*** Information ***
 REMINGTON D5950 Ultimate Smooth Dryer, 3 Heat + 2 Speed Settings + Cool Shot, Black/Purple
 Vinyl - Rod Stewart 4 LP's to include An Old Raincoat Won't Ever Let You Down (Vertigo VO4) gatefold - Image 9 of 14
*** End of Information ***
*** Information ***
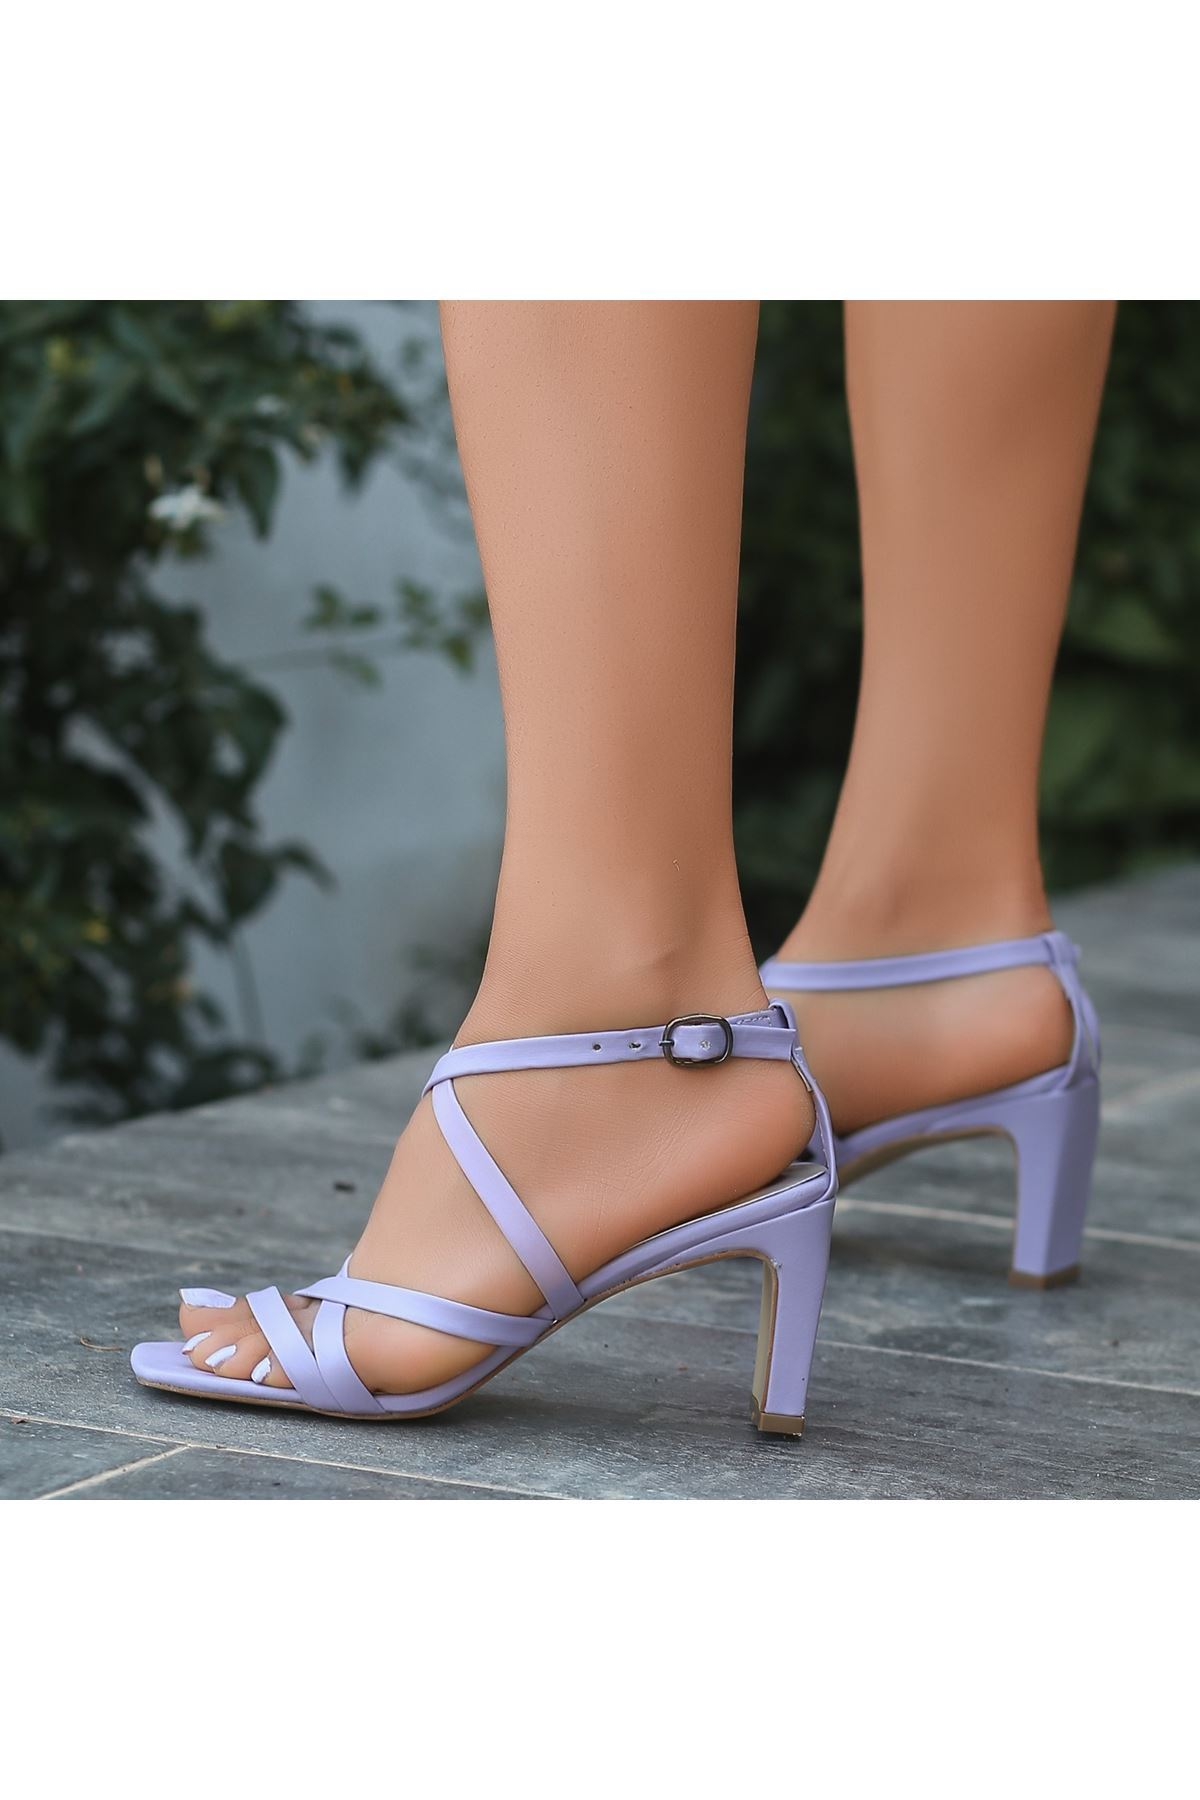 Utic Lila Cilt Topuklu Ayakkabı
*** End of Information ***
*** Information ***
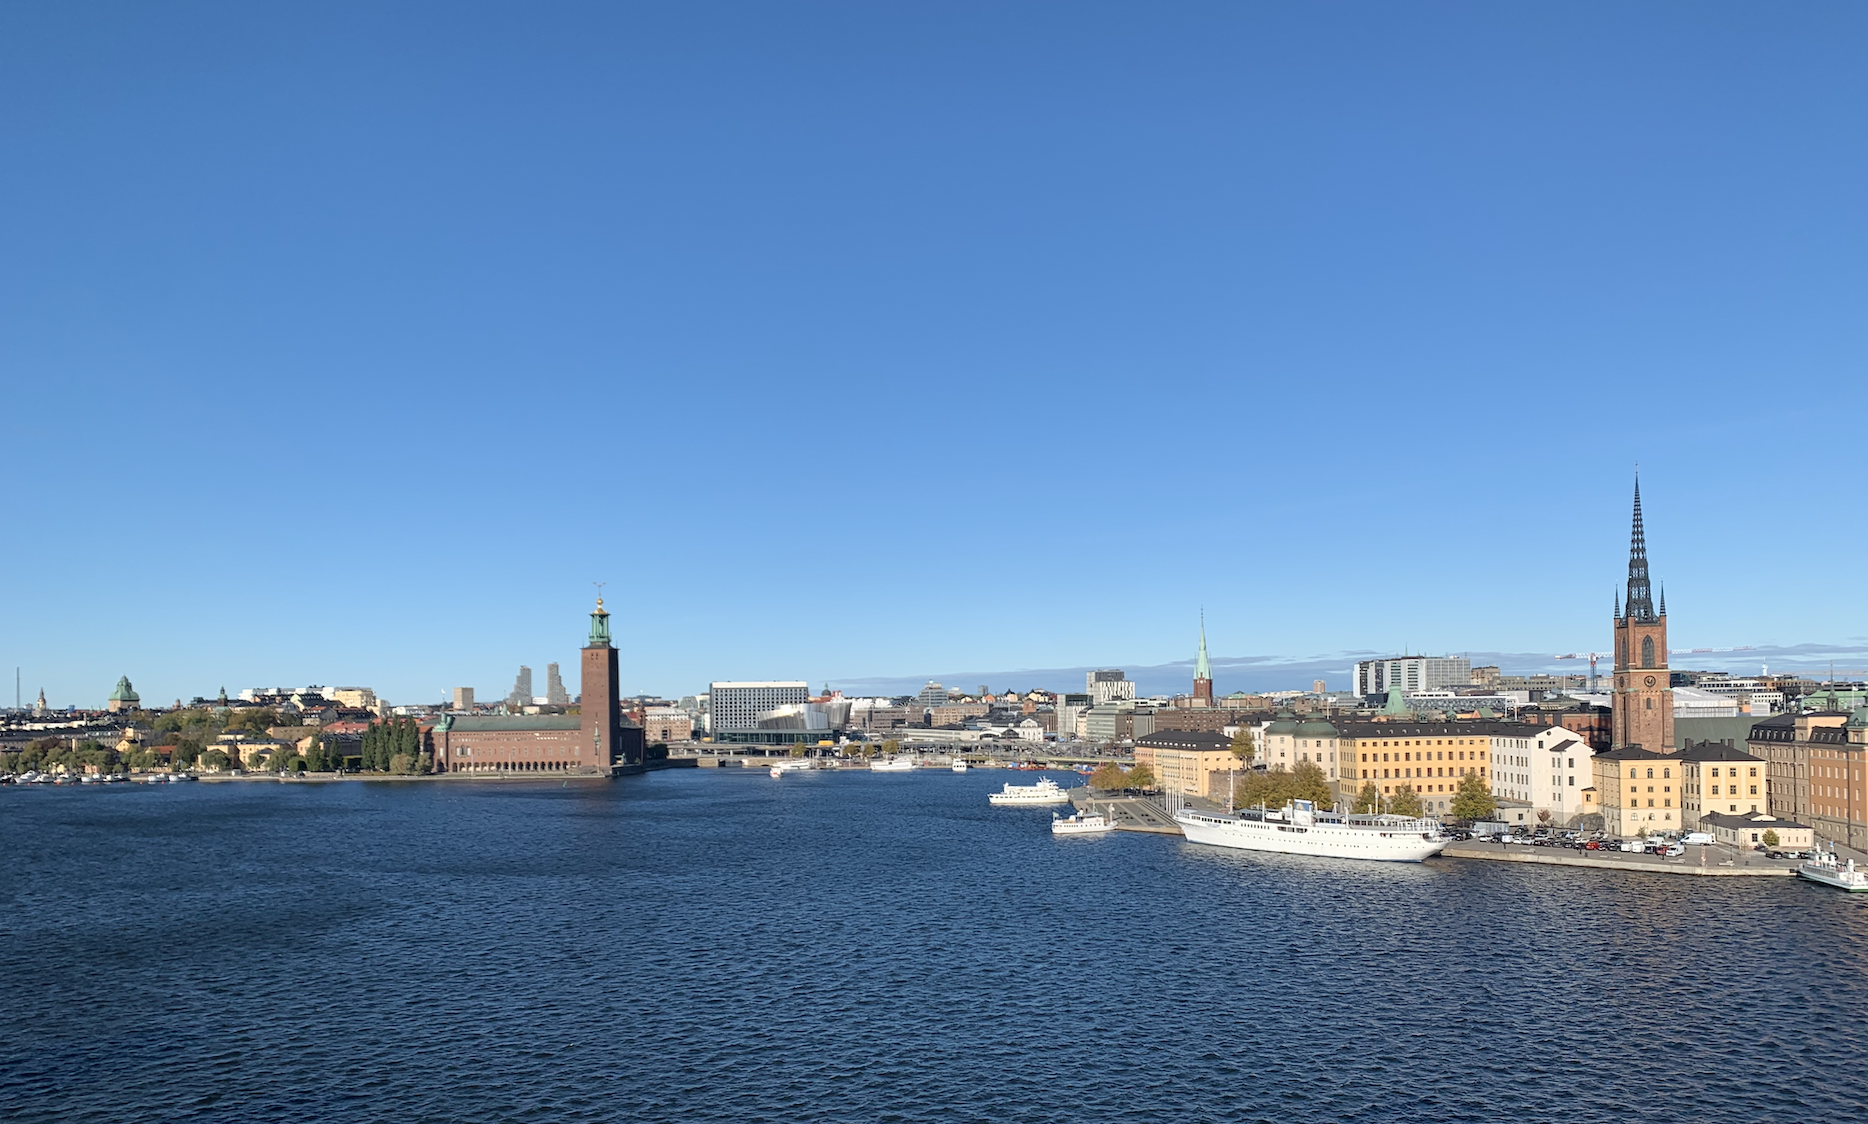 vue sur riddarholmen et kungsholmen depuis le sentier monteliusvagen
*** End of Information ***
> _What needs to be done_
From the records above, reproduce exactly the lines from the one with "REMINGTON D5950 Ultimate" to the one with "Vinyl - Rod", both included, and no others.

> _Answer area_
 REMINGTON D5950 Ultimate Smooth Dryer, 3 Heat + 2 Speed Settings + Cool Shot, Black/Purple
 Vinyl - Rod Stewart 4 LP's to include An Old Raincoat Won't Ever Let You Down (Vertigo VO4) gatefold - Image 9 of 14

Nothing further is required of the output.